Mexico’s annual inflation rate in the first half of November exceeded expectations, highlighting the persistent struggle authorities confront as underlying pricing pressures remain stubborn.

Official statistics released on Monday showed headline inflation at 3.61%, slightly higher than the 3.56% forecast by Reuters economists.

The figure focuses renewed emphasis on the variables that continue to affect Mexico’s price landscape, particularly when the economy shows symptoms of deterioration.

While headline inflation stays near the central bank’s goal range, the continuance of core inflation complicates expectations for monetary policy in the coming months.

Core inflation remains the central concern

The core price index, which experts and policymakers constantly follow to get a better sense of medium- and long-term inflation patterns, remains elevated.

The indicator increased 4.32% in the year to early November, up from 4.24% in the previous similar period.

This tenacity is noteworthy because core inflation eliminates volatile food and energy components, making it an important statistic for determining the direction of broader price movements.

In a remark on X, Banco Base economic analysis director Gabriela Siller emphasised the hazards associated with this metric, noting that “core inflation, which determines the trajectory of headline inflation in the medium and long term, shows no clear signs of slowing down.”
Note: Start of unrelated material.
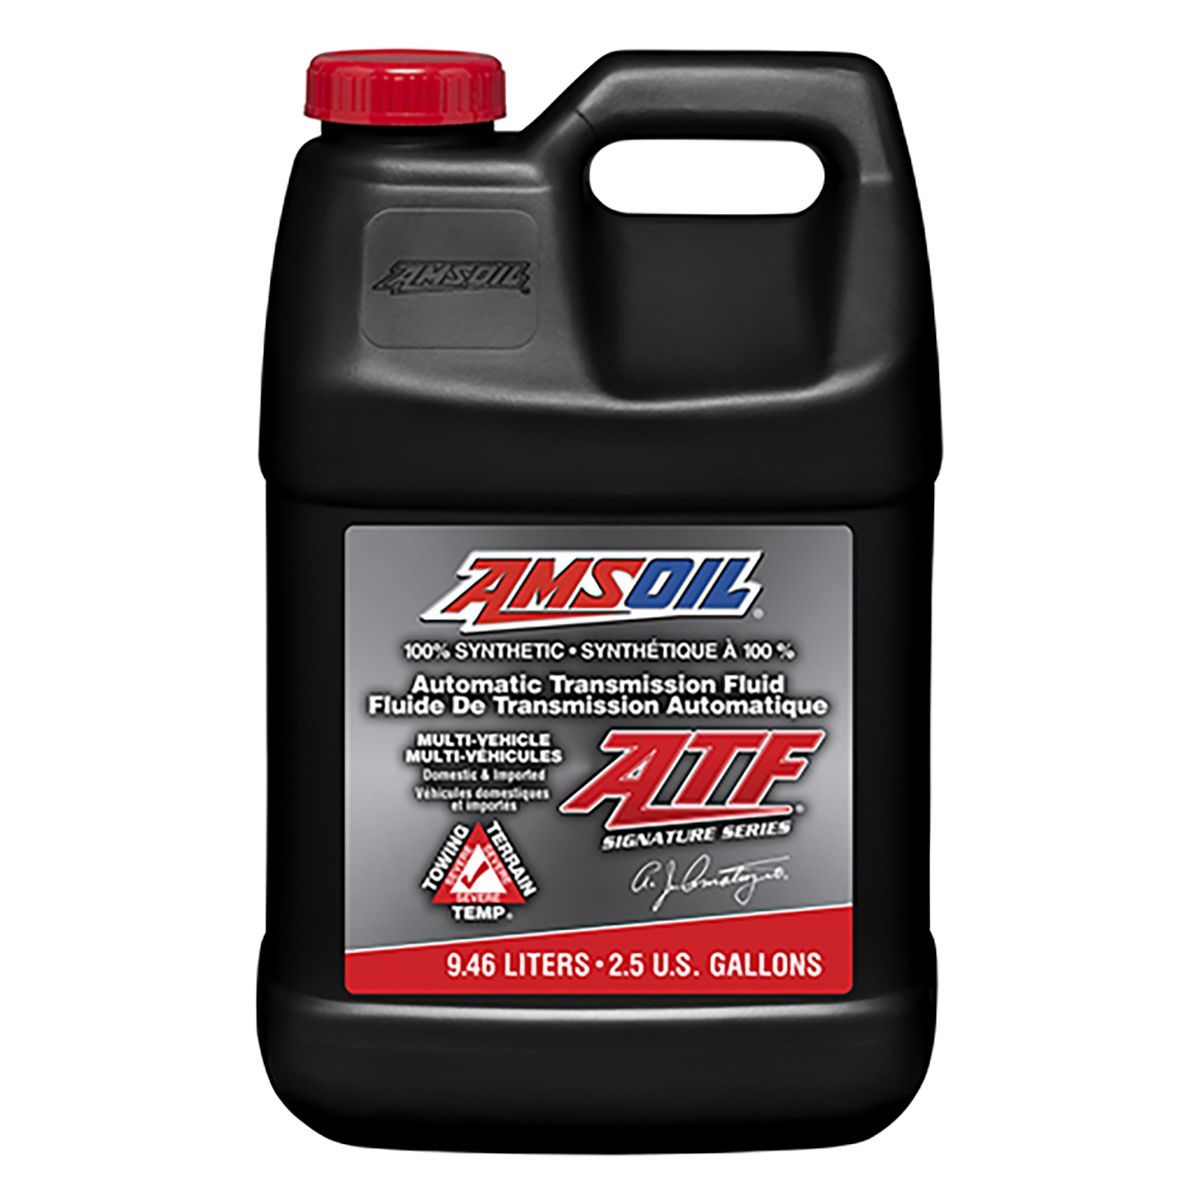 AMSOIL transmission Fluid. 00718atf00. AMSOIL V-Twin Synthetic transmission Fluid. Масло ATF 09x. Amsoil signature series synthetic

Even as the central bank examines the declining pace of Mexico’s economy, which is projected to reduce inflationary pressures, policymakers remain cautious.

Underlying pricing dynamics continue to throw doubt on the rate at which inflation can sustainably return to the bank’s aim.

Market expectations and monetary policy outlook

Although core inflation does remain sticky, Citi views the potential for a small policy move in December by the central bank.

Analysts forecast a 25-basis-point reduction to Mexico’s benchmark interest rate, as the bank anticipates.

But what happens after December is much less clear. According to Citi’s analysts, however, ”The rate cuts afterwards will depend much more on the data,” meaning that future monetary policy responses will rely heavily on incoming inflation data and the trajectory of the underlying price trend.

The central bank has stated multiple times that the trajectory of monetary policy hinges on convergence towards its inflation target.

With the mix of inflation, headline cooling slightly but core impulse sticking, analysts expect policymakers to be cautious.

Monthly data shows temporary downward pressure

When compared to the previous month, core inflation was up 0.4%, a sign that prices are moving in non-volatile areas, yet this is not causing much overflow.

Citi mentioned that part of this moderation was connected with discounting related to El Buen Fin – a nationwide buying promotion in Mexico between November 13–17.

The event usually generates the widely-spread retail discounts that drive consumer spending, but can lead to some prices facing temporary downward pressure. Citi acknowledged this dynamic, indicating such a discount campaign added “downside pressure across core inflation.”

These campaigns can be successful in suppressing inflation numbers temporarily, but as a rule, they do not change bigger structural trends.

Core inflation, which has proven until the end of last year to be persistent, suggests more entrenched pressures which are not going to disappear as soon as some short-term promotional activity dies down.

Economic weakness and the path forward

Members of Mexico’s central bank board have suggested that the country’s current economic downturn will help to progressively reduce inflation.

Slower economic activity tends to diminish demand-driven price pressures, which could provide respite over time.

However, the most recent data paint a more nuanced picture: while headline inflation is near projections and essentially constant, core inflation’s resistance to a clear downward trend remains a significant impediment.

The disparity between these two metrics will be critical in determining monetary policy decisions as the year ends and 2025 begins.

With headline inflation slightly higher than expected and core inflation rising, markets and policymakers will look to incoming data to see if inflationary dynamics are easing or if Mexico’s economy faces a longer-term struggle.